Singapore is seeking to attract firms planning to expand in the region as Asia leads the global economic recovery and the US and Europe increase regulation. The proposed cluster follows tax and regulatory incentives that have made it easier for funds to set up shop on the island than in Asian cities such as Hong Kong and Tokyo, helping the industry grow from near zero in 1997 to almost 140 firms today.

Aisling Analytics Pte will ‘certainly look at it as a potential location’ when its lease at Suntec City, next to the central business district, comes up for renewal, said Michael Coleman, the hedge-fund firm’s managing director.

‘I’ve visited and think it’s a very interesting development and a great alternative to a traditional office,’ he said. ‘You’re surrounded by greenery, have your own garden to enjoy and the area is rapidly developing.’

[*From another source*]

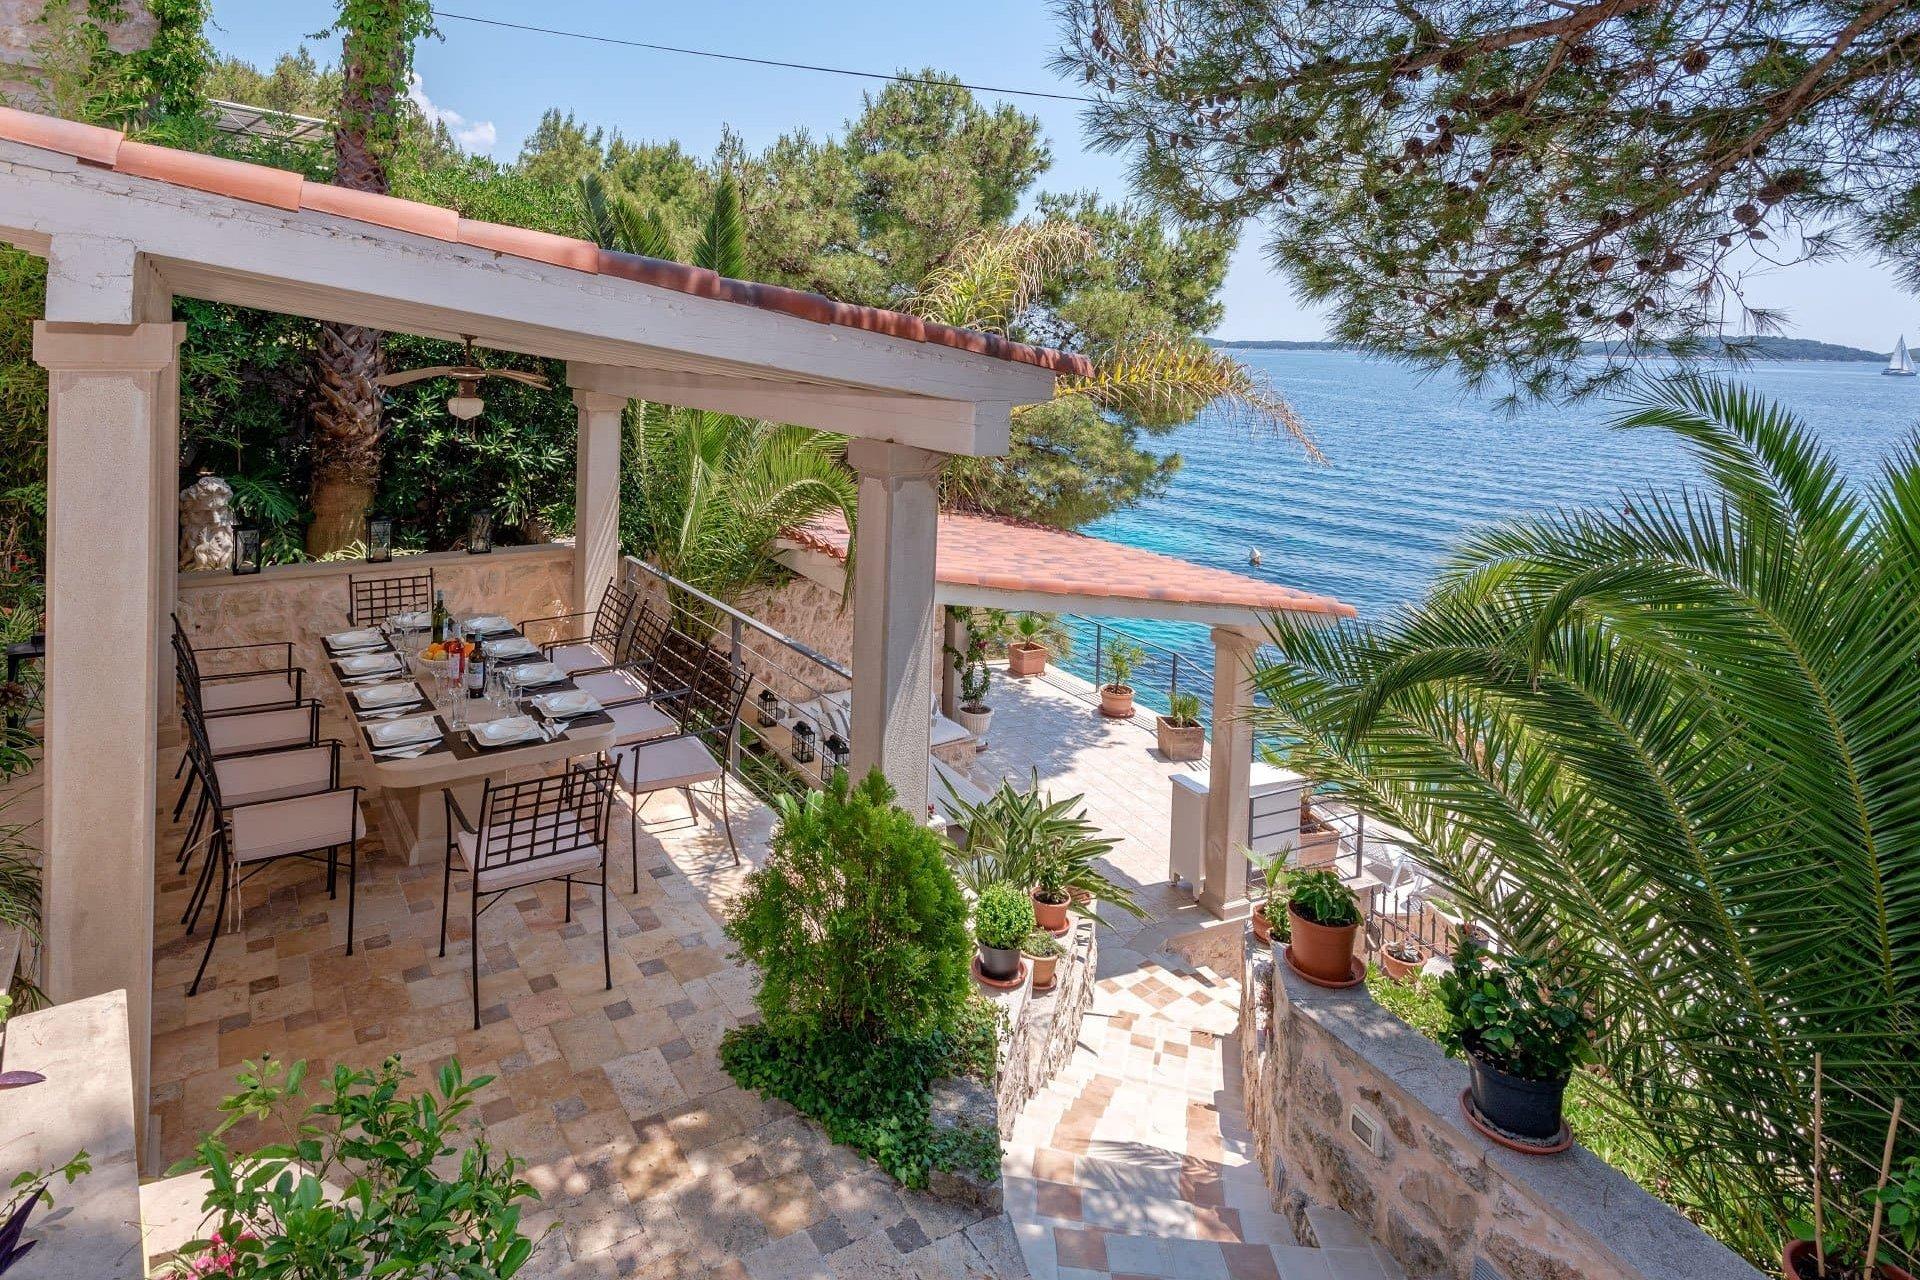 Uw vakantie begint hier... <br>Meer dan 600 vakantiewoningen in Kroatië, Italië en Montenegro.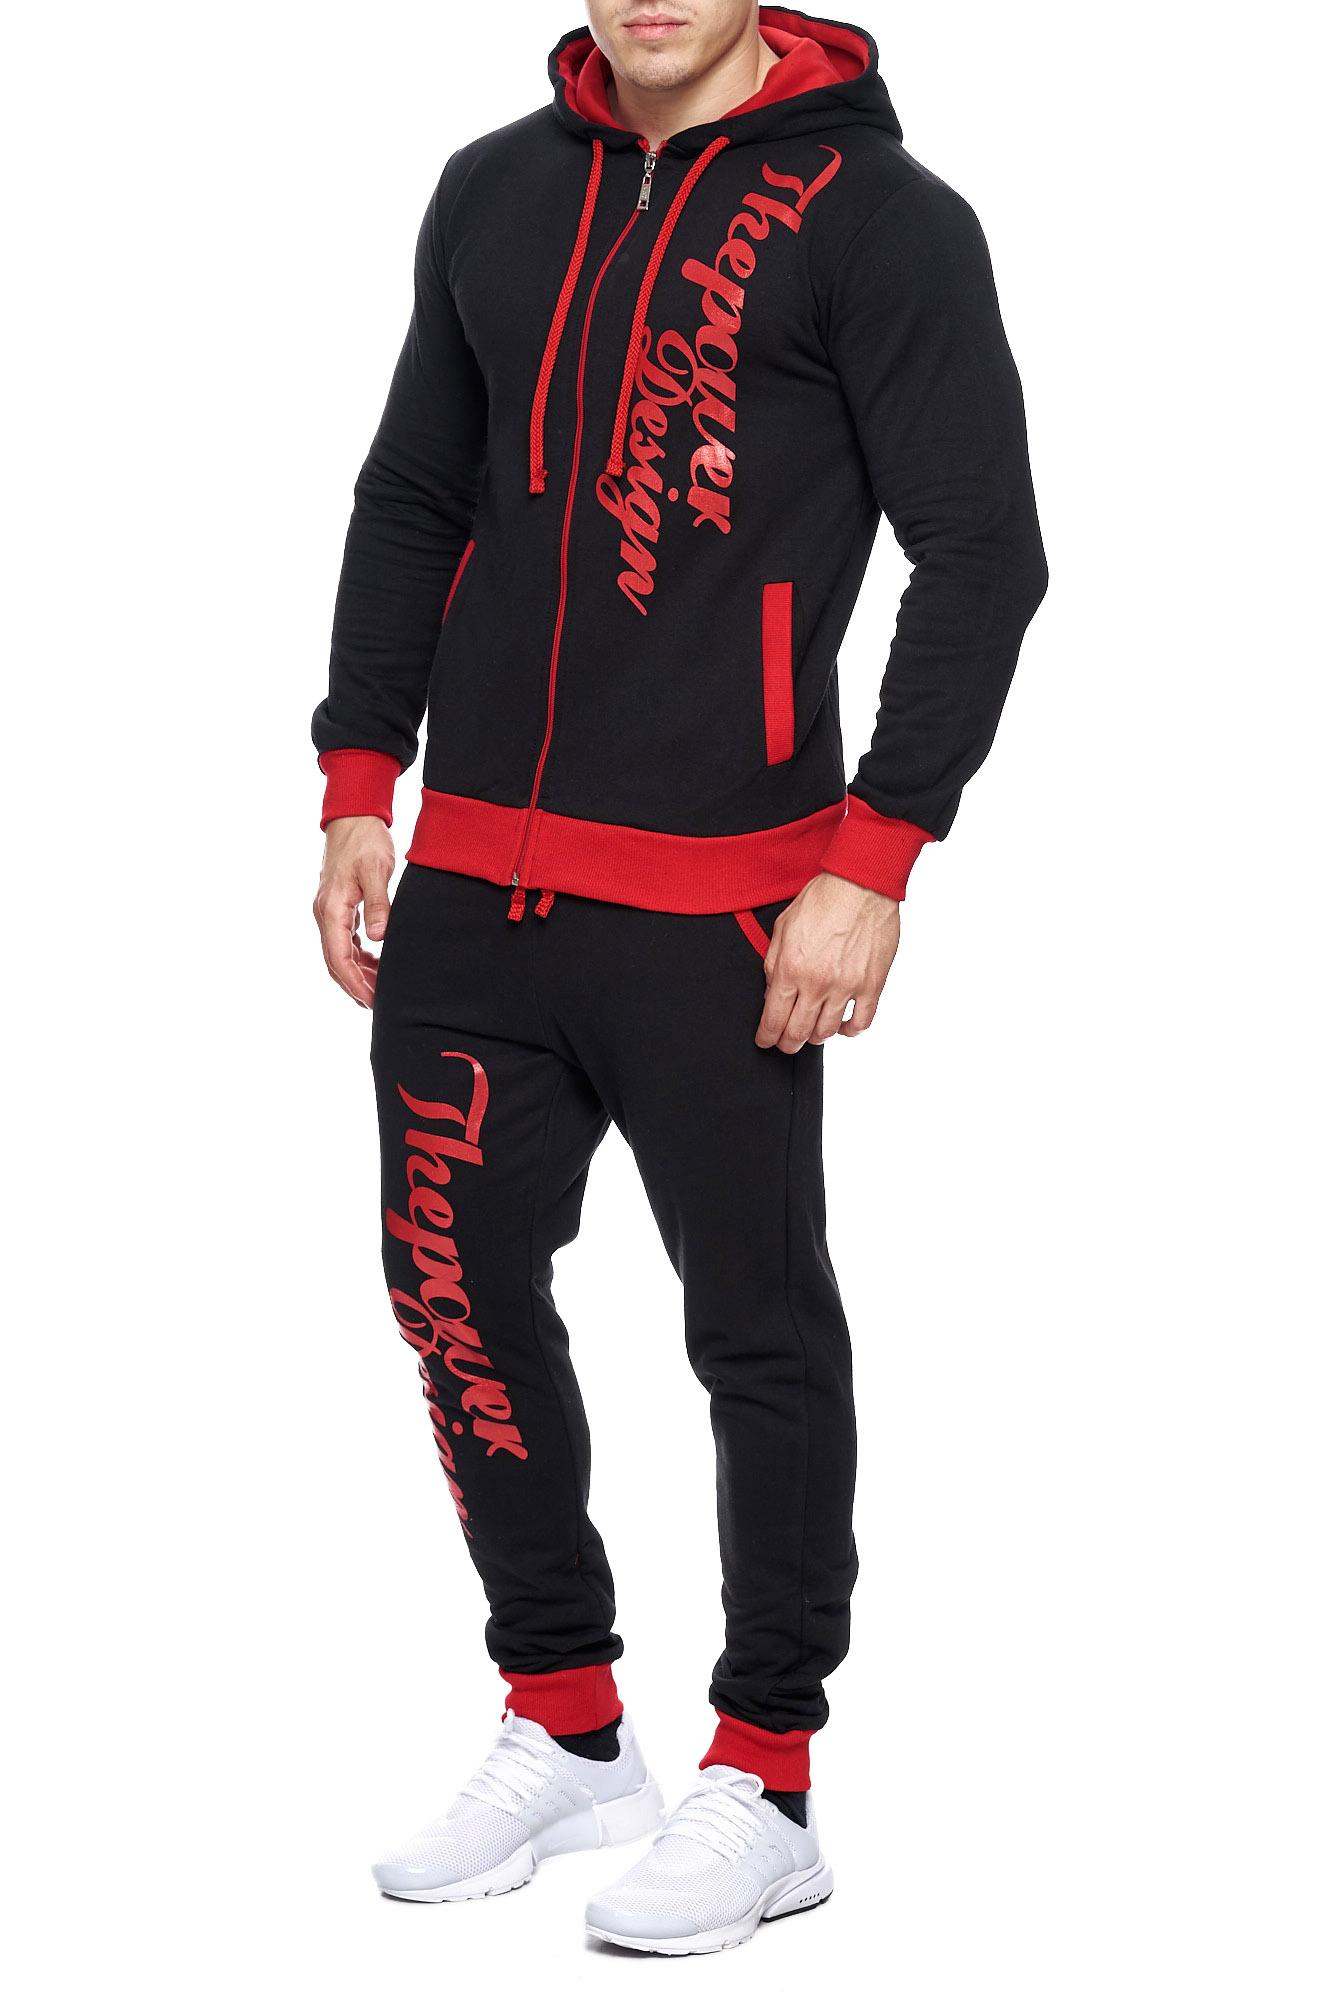 Jogging-Suit-Sports-Suit-Fitness-Power-Men-039-s-Code47 thumbnail 15

The downside is that it’s ‘off the beaten track’ for investors used to meeting in Singapore’s main office districts, Mr Coleman said. Aisling manages the US$1.6 billion Merchant Commodity Fund and the Merchant Equity Fund.

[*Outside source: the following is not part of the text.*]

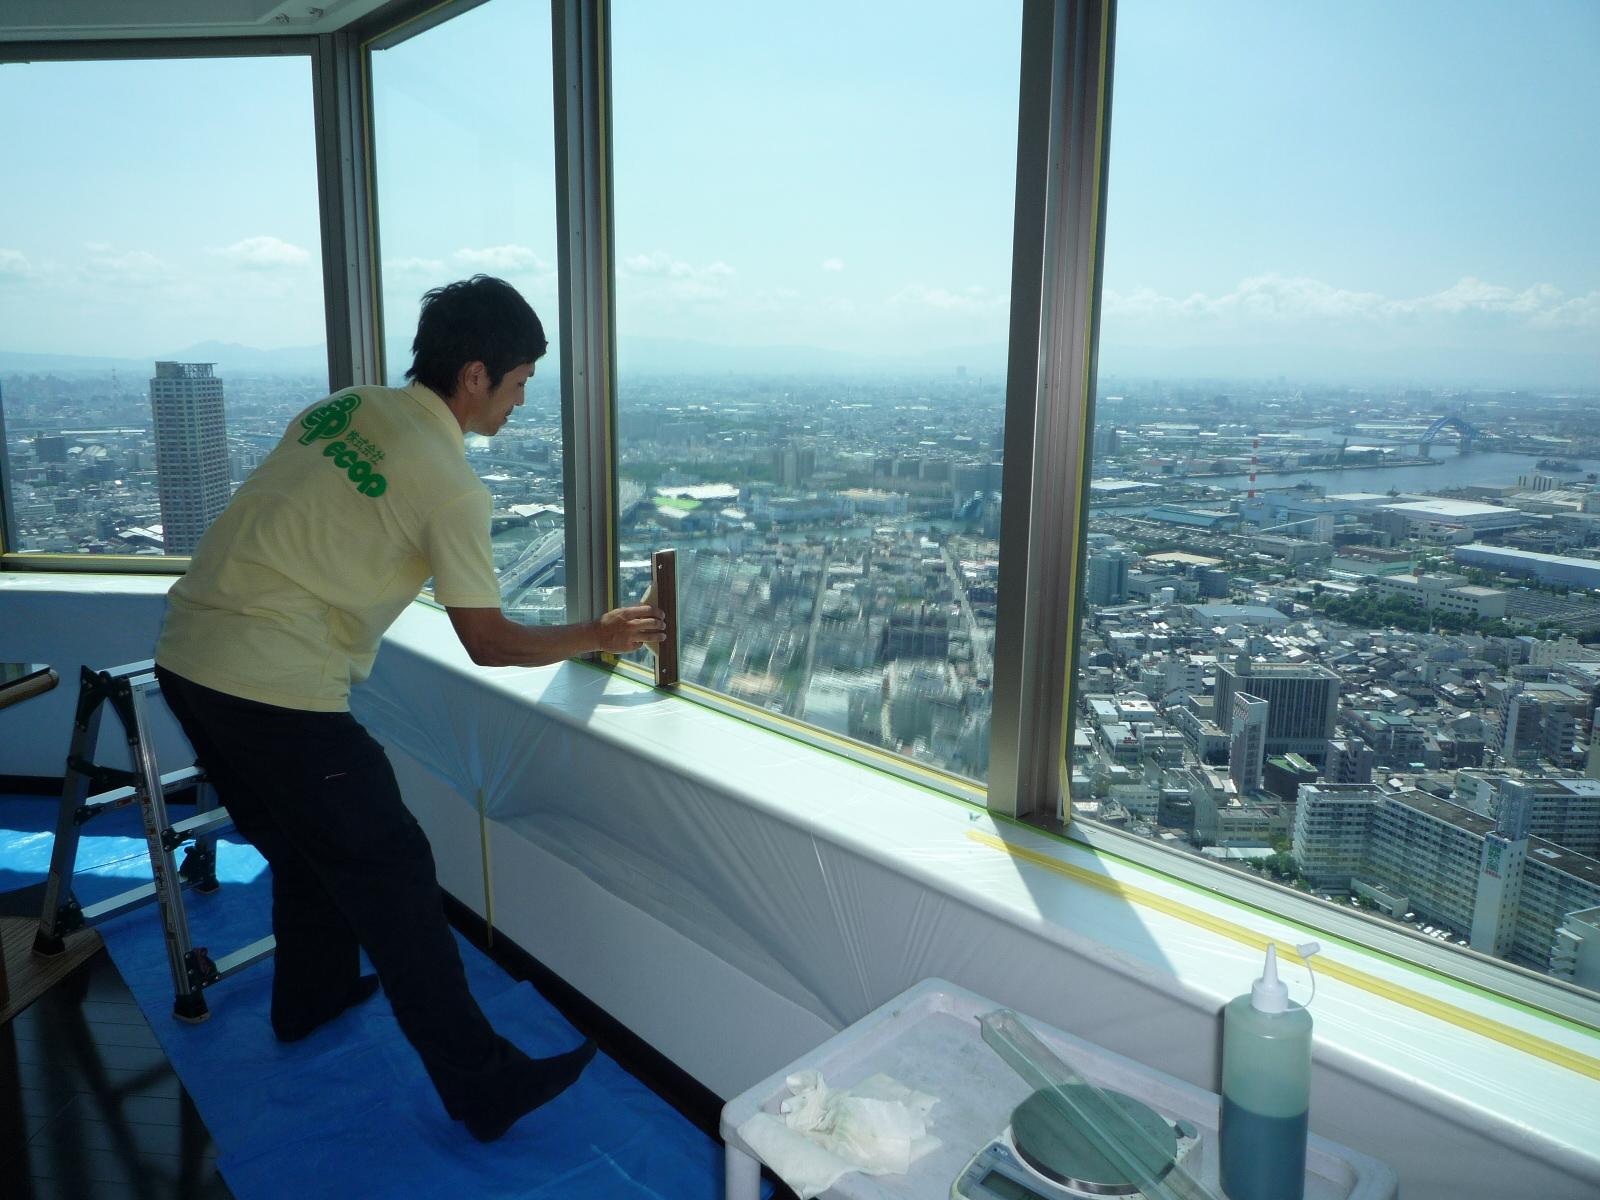 赤外線92%カット、直射日光からの高い断熱効果でこの夏の節電に貢献 高機能遮熱ガラスコート剤『クリスタルボンド省エネコーティング』を提供~窓ガラスからの熱カットで、節電の夏を乗り切ろう~

Rents in Singapore, the most expensive in Asia after Tokyo and Hong Kong, fell 46 per cent, on average, in the fourth quarter, the steepest decline in the region from a year earlier, according to Boston-based commercial real estate company Colliers International. The average top-grade office monthly rental in Singapore’s central business district fell to an average of $6.29 (US$4.50) per square foot in the last quarter, Colliers said in a report last month.

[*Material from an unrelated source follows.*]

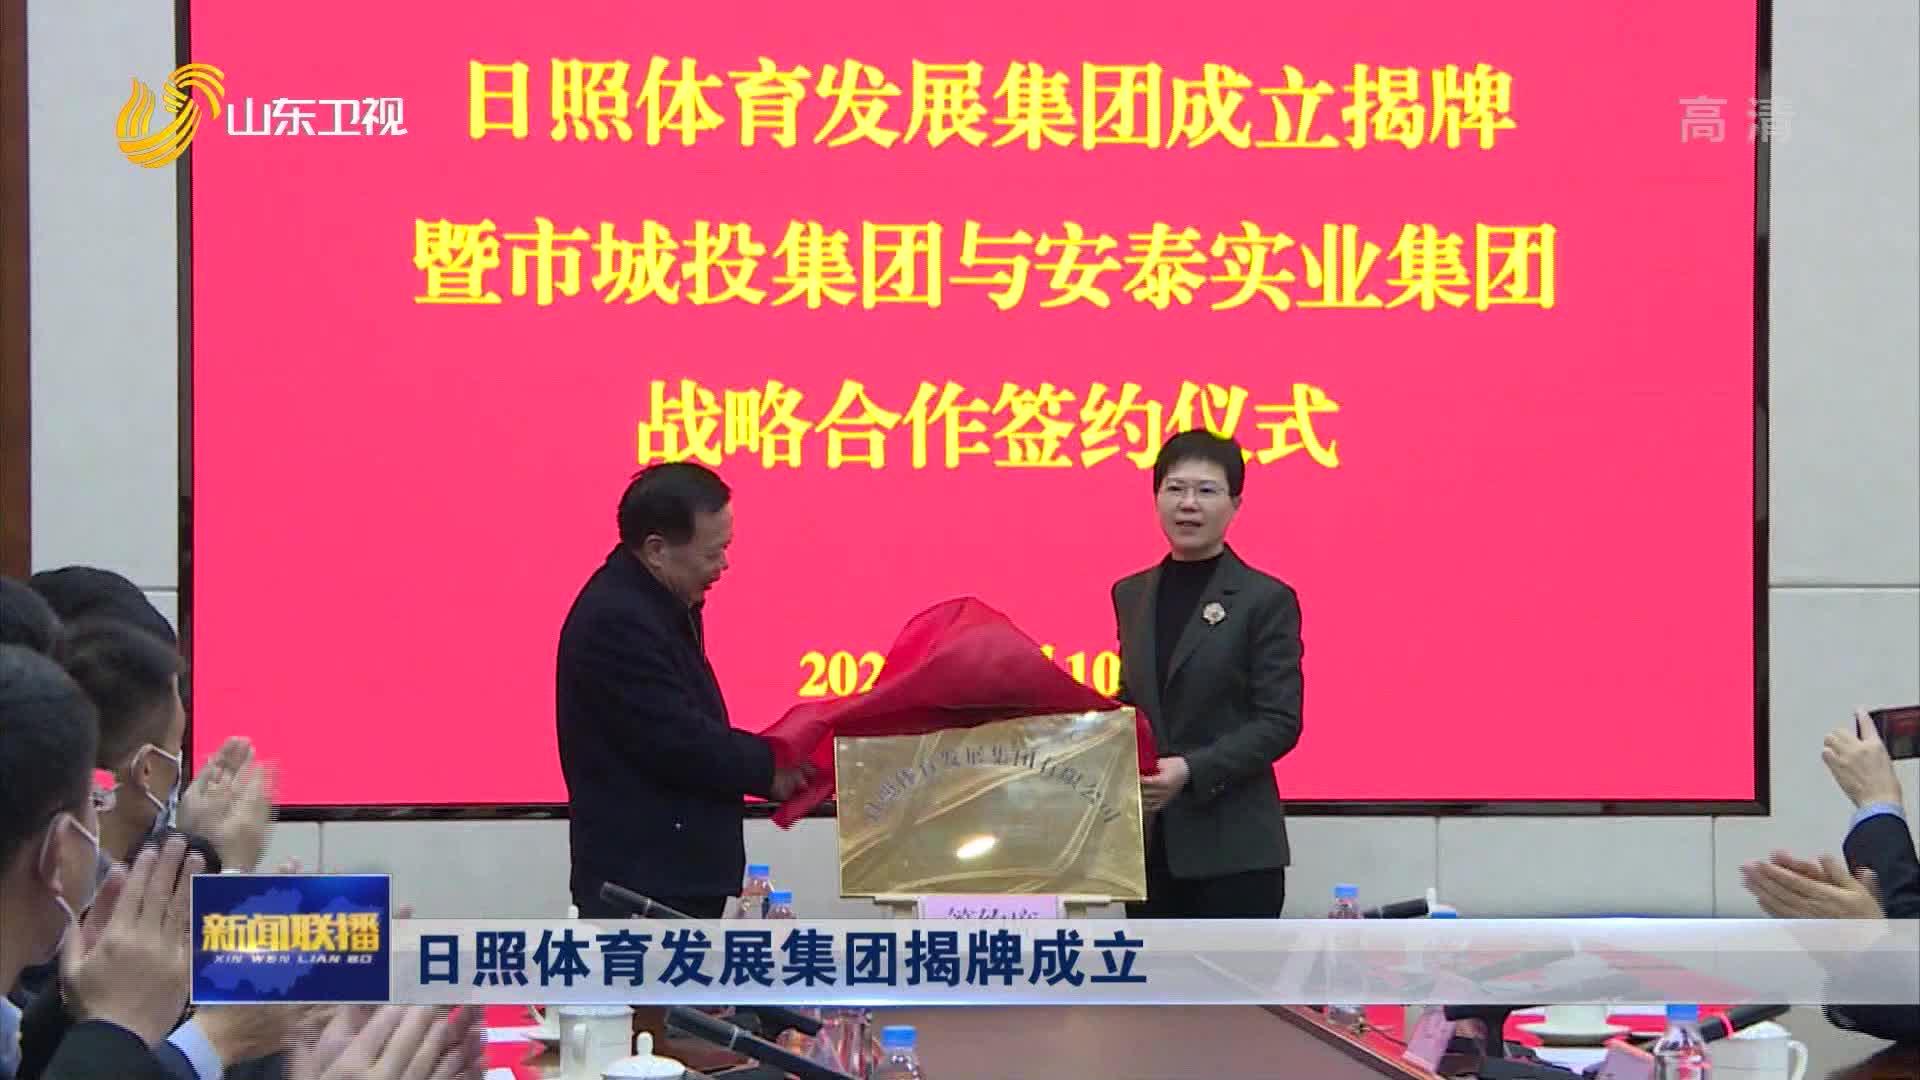 日照体育发展集团揭牌成立

JTC could lure managers by making rents at Nepal Hill ‘very attractive, at least at the beginning’, said Stephane Pizzo, who set up his hedge-fund investing firm, Lotus Peak Capital, last year. He said that he has yet to view the proposed enclave because the space offered was ‘too large’ for his business. He currently works from a refurbished shophouse in Chinatown where more than half a dozen Italian restaurants are within walking distance of his office.

‘The hub idea on paper is great, but it needs to be encouraged,’ Mr Pizzo said. ‘The more people and incentives to move there, the better.’

Nepal Hill is part of a development called ‘one-north’, referring to Singapore’s location one degree north of the equator, that is already home to industry clusters including Singapore’s biomedical research hub, Biopolis. The 180-hectare area will be developed in stages within the next 20 years, JTC said in the invitation to managers.

The bungalows, which formerly housed British army personnel and their families, are remnants of Singapore’s history under British colonial rule. The proposed enclave is across the road from the Rochester Park dining hub, where restaurants such as Min Jiang, which serves Szechuan cuisine, and bars including Da Paolo Bistro Bar are also housed in colonial bungalows.

The island-state’s hedge fund industry has grown to 138 single-strategy hedge-fund managers employing more than 800 professionals from near zero in 1997, according to a survey by the local chapter of the Alternative Investment Management Association.

The industry oversees at least US$34.9 billion, excluding assets managed by several of the large global firms, it said, making it Asia’s second biggest behind Hong Kong.